Prompt |
Of all the lines below, return only those starting with the line holding "Vintage 1950s 1960s" and going on through the line holding "1954 Child Education(Spring", exactly as written.

Data for processing |
■ ■ ■ ■ ■

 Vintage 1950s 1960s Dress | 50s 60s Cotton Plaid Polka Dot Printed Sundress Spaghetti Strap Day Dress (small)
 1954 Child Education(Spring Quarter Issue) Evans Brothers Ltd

■ ■ ■ ■ ■

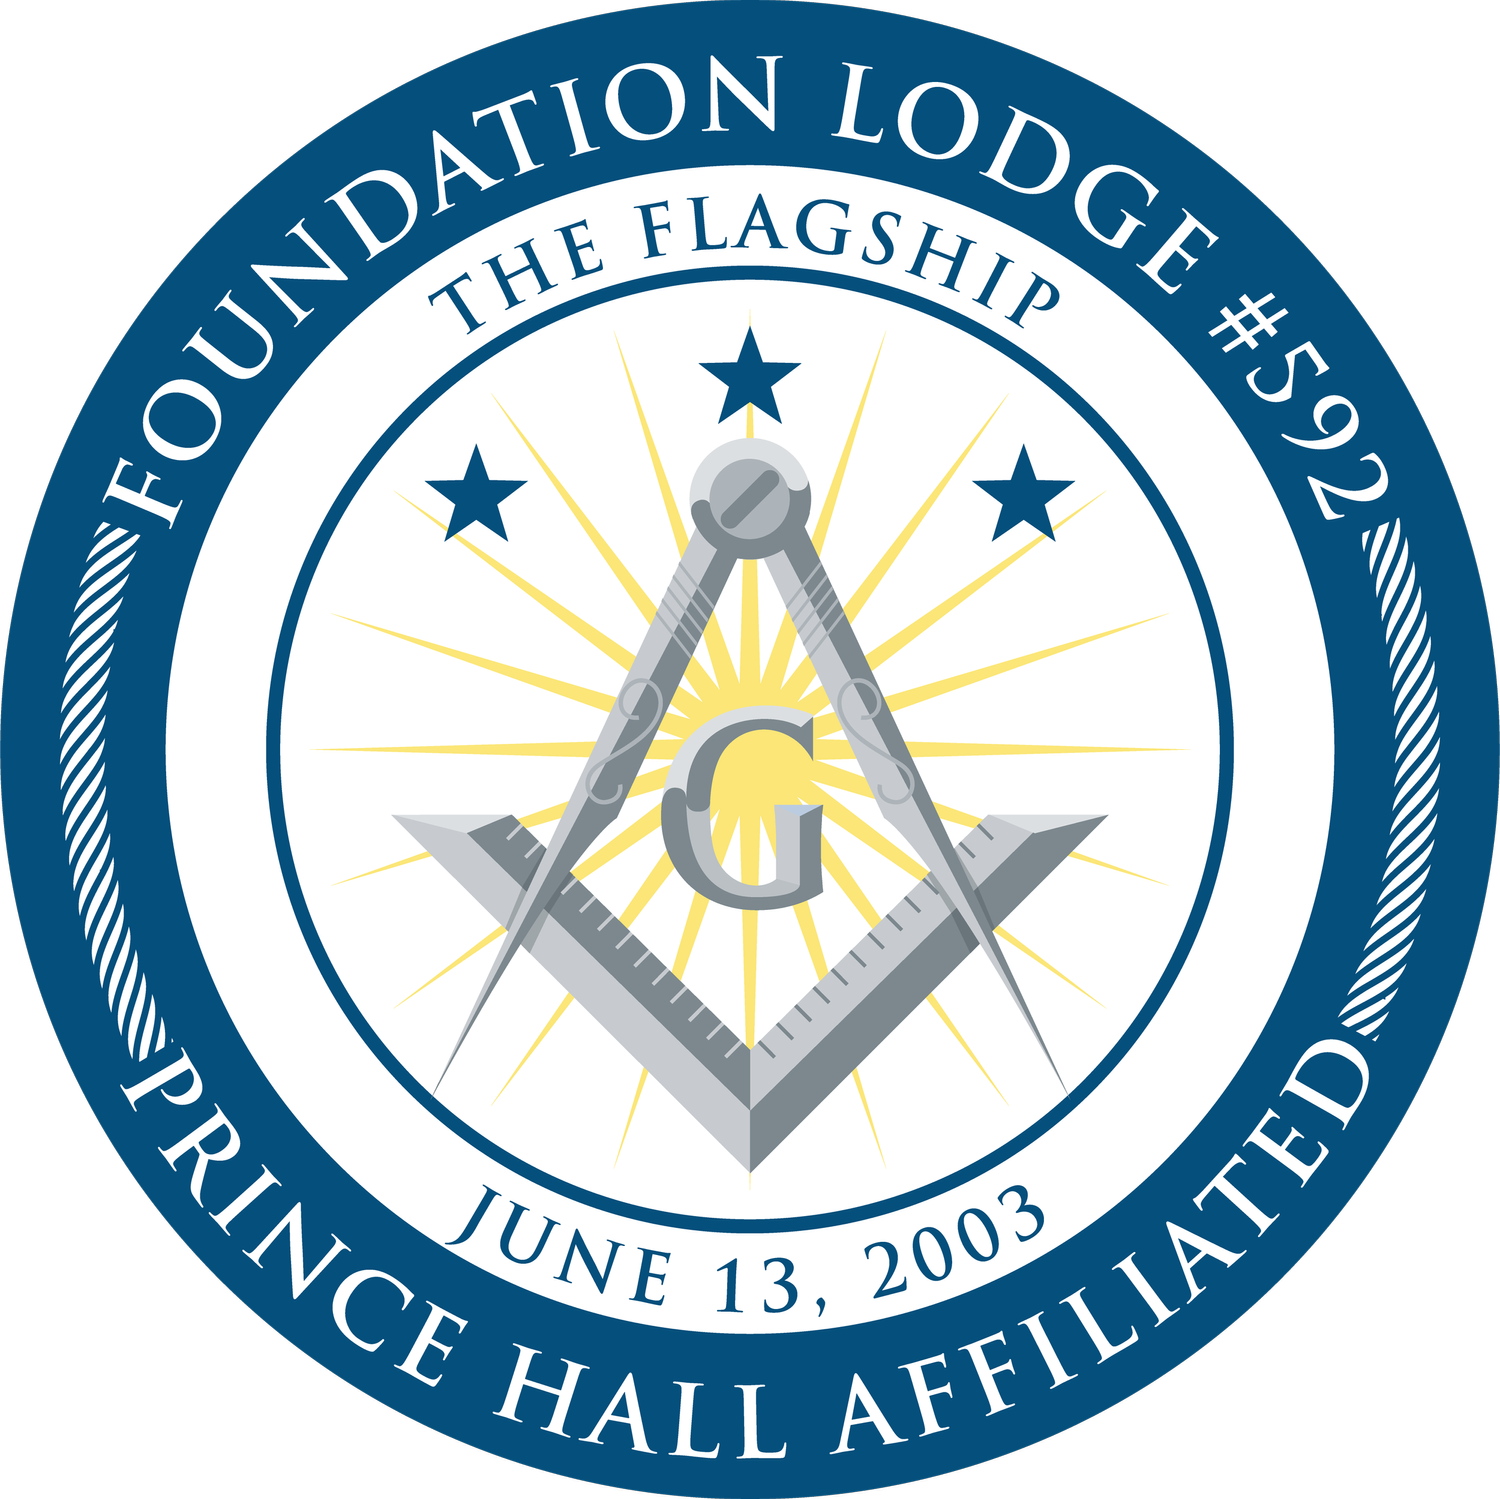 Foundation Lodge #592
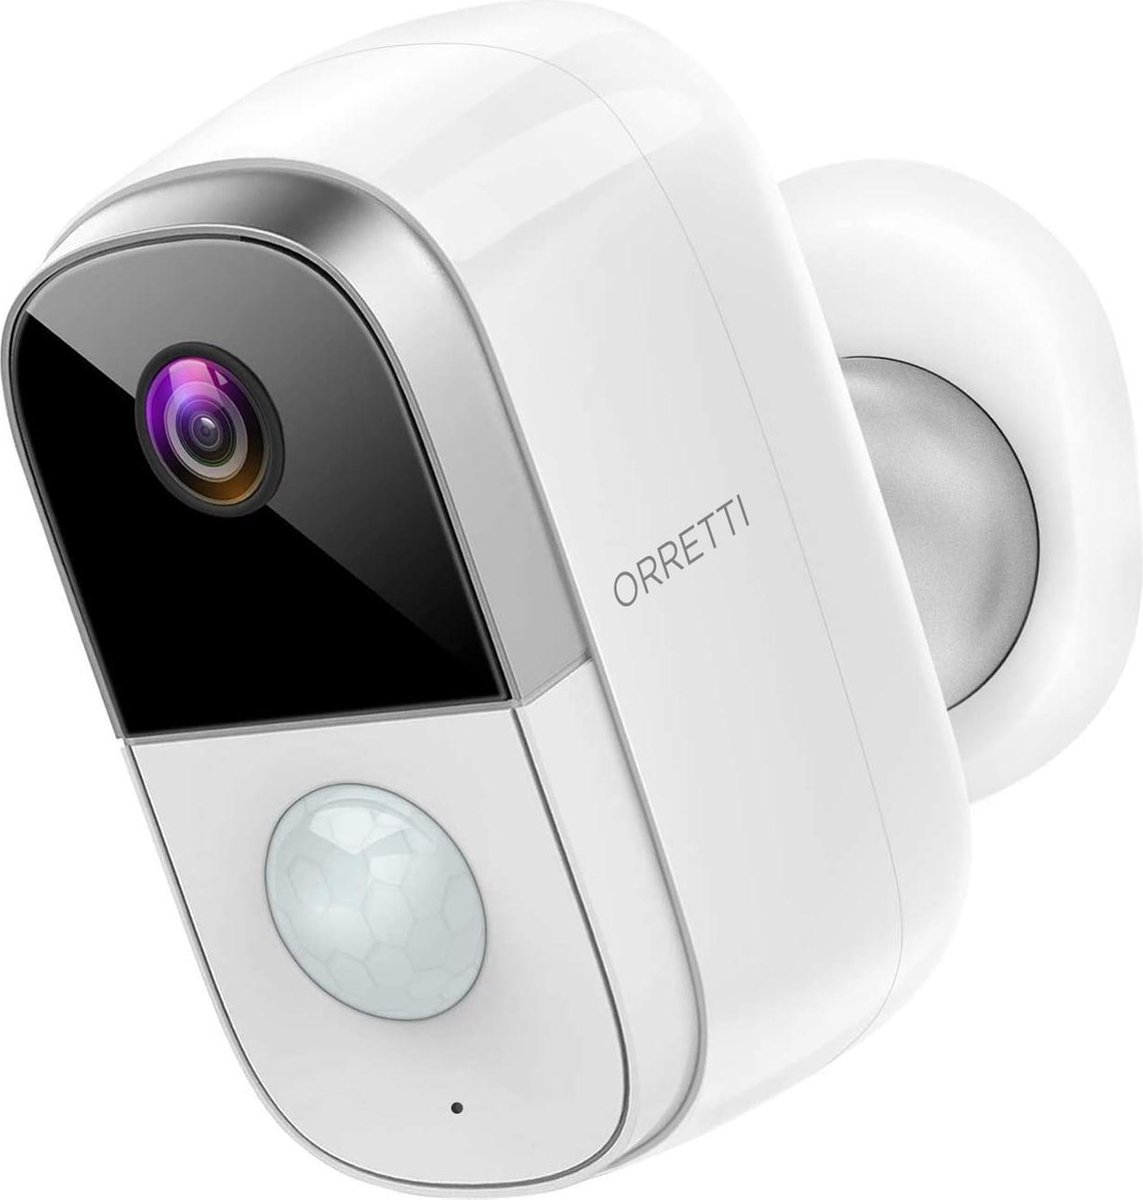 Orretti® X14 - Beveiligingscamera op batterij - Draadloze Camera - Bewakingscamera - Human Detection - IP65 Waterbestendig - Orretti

■ ■ ■ ■ ■

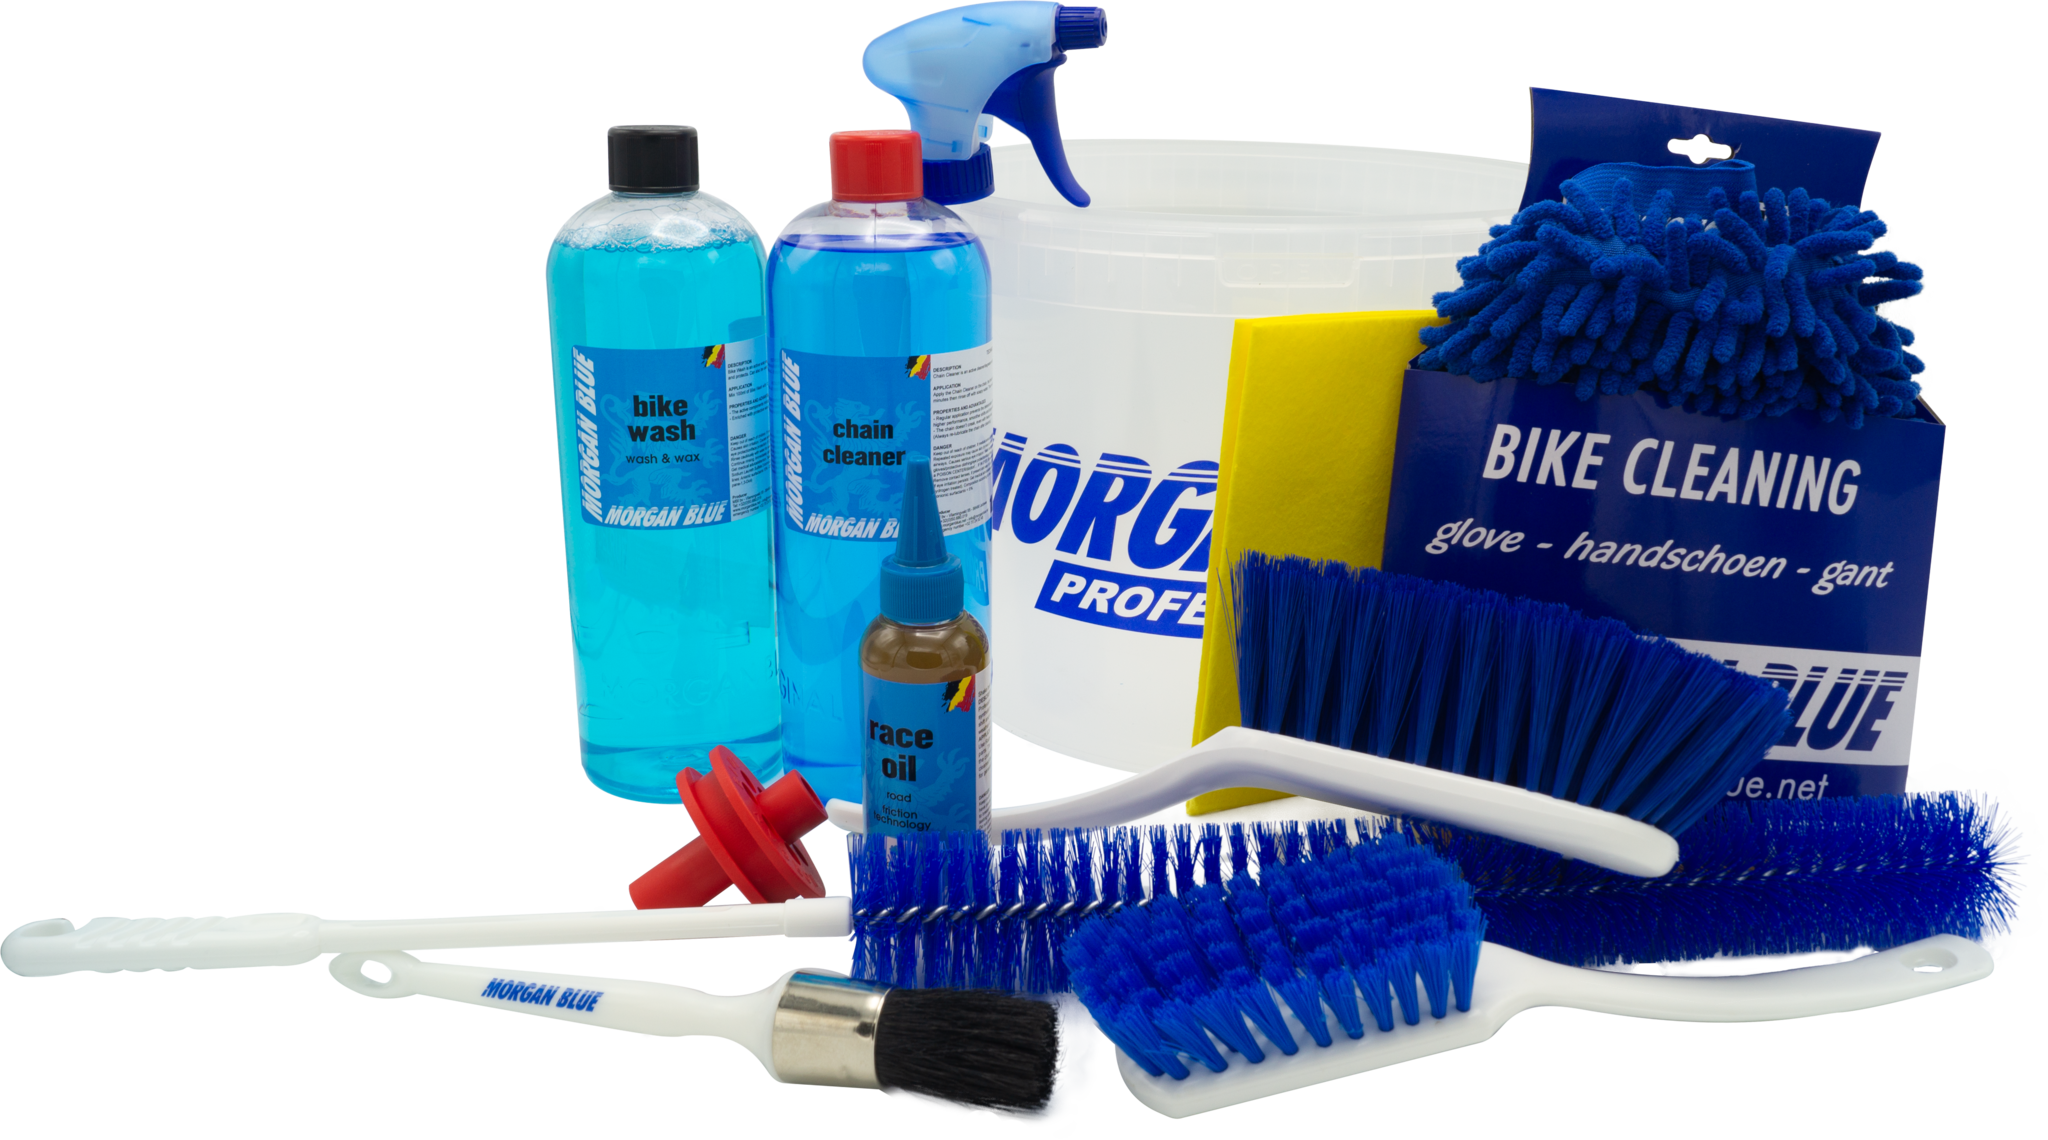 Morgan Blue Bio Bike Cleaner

■ ■ ■ ■ ■

Answer for this exercise |
 Vintage 1950s 1960s Dress | 50s 60s Cotton Plaid Polka Dot Printed Sundress Spaghetti Strap Day Dress (small)
 1954 Child Education(Spring Quarter Issue) Evans Brothers Ltd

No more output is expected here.